Throughput must scale horizontally, if one appliance is at 80% CPU, add another; if two fail, the remaining pool picks up the load.
Appliance failure must fail over to healthy peers without breaking active flows (or with the smallest possible disruption).

Options considered:

Firewall per VPC. Every VPC runs its own pair of appliances. Simplest from a routing perspective. Licenses multiply by VPC count. Not viable.
NLB in front of an appliance fleet. An NLB balances connections across appliances, but NLBs TCP-proxy, the appliance sees the NLB’s private IP, not the client’s, and flow symmetry isn’t guaranteed. Breaks the 5-tuple visibility requirement.
Gateway Load Balancer (GWLB) fleet in a dedicated firewall VPC. GWLB transparently forwards packets to appliances via GENEVE tunnels, preserves source and destination, hashes flows to stick to one appliance, and scales horizontally. The purpose-built primitive.
PrivateLink or TGW direct to appliance. No flow balancing; no symmetry guarantees; no packet preservation.

What actually matters

Before reaching for a service, it’s worth being explicit about what centralised deep-packet inspection actually requires of the insertion mechanism between the workload and the appliance.

The first thing worth thinking about is what the appliance has to see. Deep inspection. IDS/IPS, TLS decryption, application-aware rules, depends on the appliance seeing the original packet, with its original source IP, original destination IP, original ports, original transport. Anything that NATs the packet on the way in (a proxy load balancer, a NAT gateway in front, a PrivateLink that rewrites endpoints) destroys the visibility the appliance needs. The insertion mechanism has to be transparent: it can route, it can encapsulate for transport, it cannot rewrite the packet that the appliance sees.
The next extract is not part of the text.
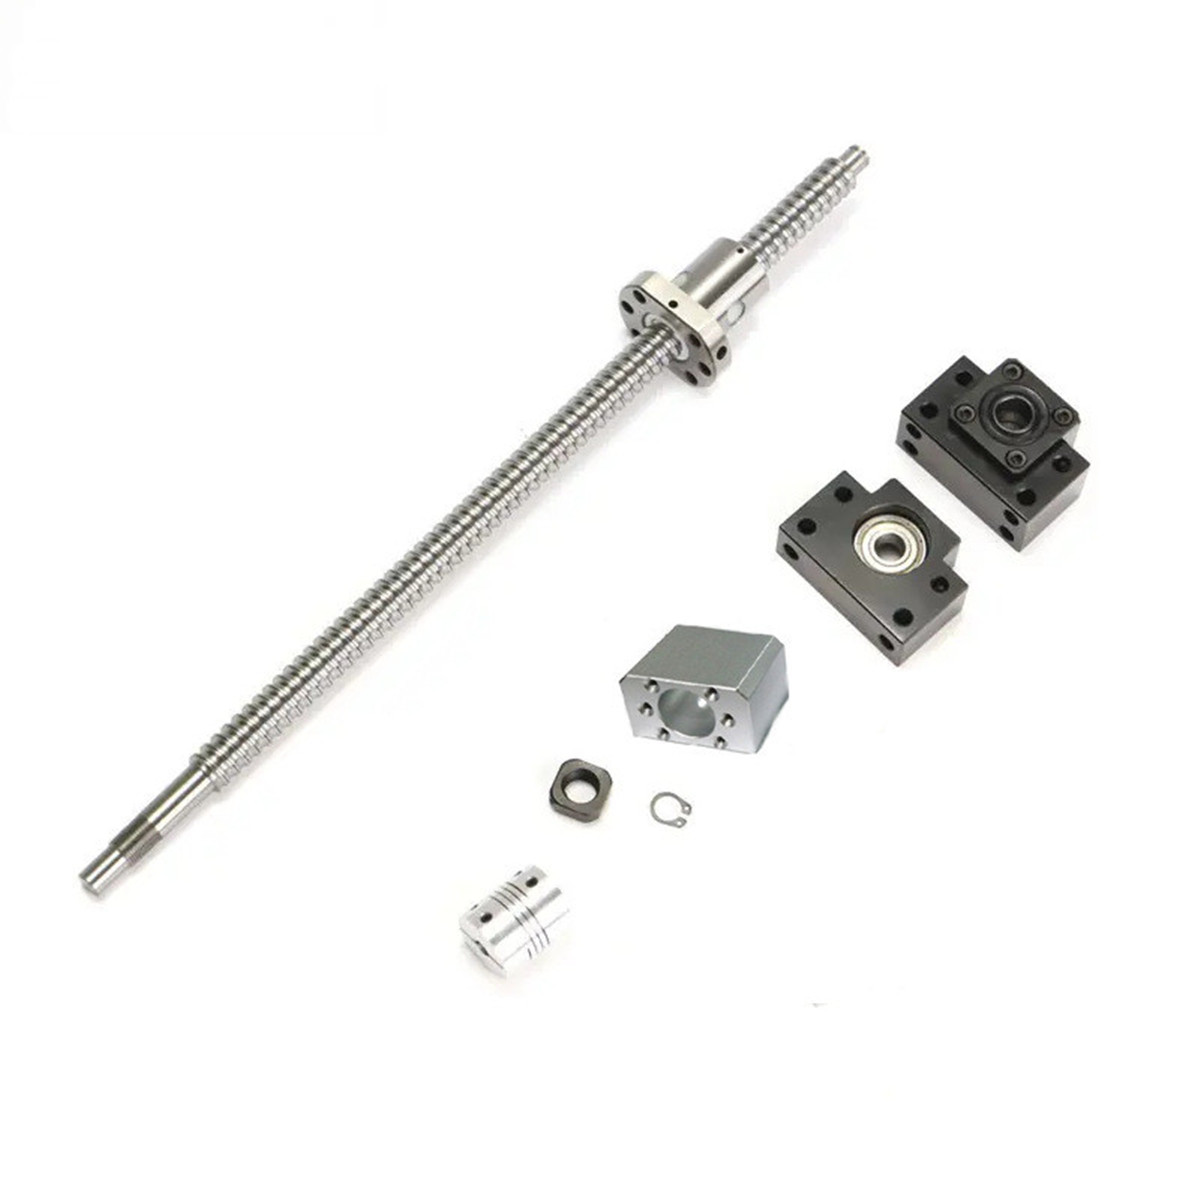 Machifit-SFU1204-300-650mm-Ball-Screw-with-BK-BF10-End-Supports-635x8mm-Coupler-for-CNC-1916612-2

The second is flow coherence. A stateful firewall tracks connections; the appliance that inspected the SYN must also inspect the SYN-ACK and every subsequent packet of the same flow, in both directions. If the outbound packet lands on appliance A and the return packet lands on appliance B, B has no state for the flow and either drops it as unsolicited or asks for a retransmission that never comes. The mechanism has to hash flows consistently to a target and hash the reversed-direction tuple to the same target, otherwise the inspection layer makes the network worse.

The third is horizontal scaling. Firewall throughput is finite per appliance and traffic grows; the cost of a second appliance shouldn’t be a routing rewrite. The mechanism needs a target group that can grow and shrink without changing route tables in every consumer VPC, and the hashing needs to be consistent enough that adding or removing a target doesn’t shuffle every existing flow onto a different appliance and break their state.

The fourth is multi-VPC consumption. The whole reason to centralise is licensing: one fleet, many VPCs. The mechanism has to expose the inspection fleet to many consumer VPCs without giving each VPC direct routing into the firewall VPC’s address space. A managed cross-VPC consumption pattern (interface endpoints, endpoint services) is the right shape; full mesh routing isn’t.

The fifth is health and failure. An appliance that locks up has to be evicted from the pool before too many flows get pinned to it; a recovered appliance should rejoin. The mechanism has to health-check targets, drop unhealthy ones, and re-hash the affected flows onto survivors with the smallest possible blast radius. The team can tolerate a brief flow-reset blip; they cannot tolerate “the firewall fleet had a bad host and traffic stopped.”

The sixth is symmetric routing in the consumer VPC’s own route tables. Even with a flow-sticky hash, if the route tables on either side of the flow don’t both send traffic through the inspection layer, return traffic bypasses inspection entirely. The mechanism by itself doesn’t enforce route symmetry; the design has to. East-west flows across the TGW need an extra discipline (some setting that pins flows to a single AZ of the firewall VPC) or asymmetric routing creeps back in the moment traffic crosses an AZ boundary.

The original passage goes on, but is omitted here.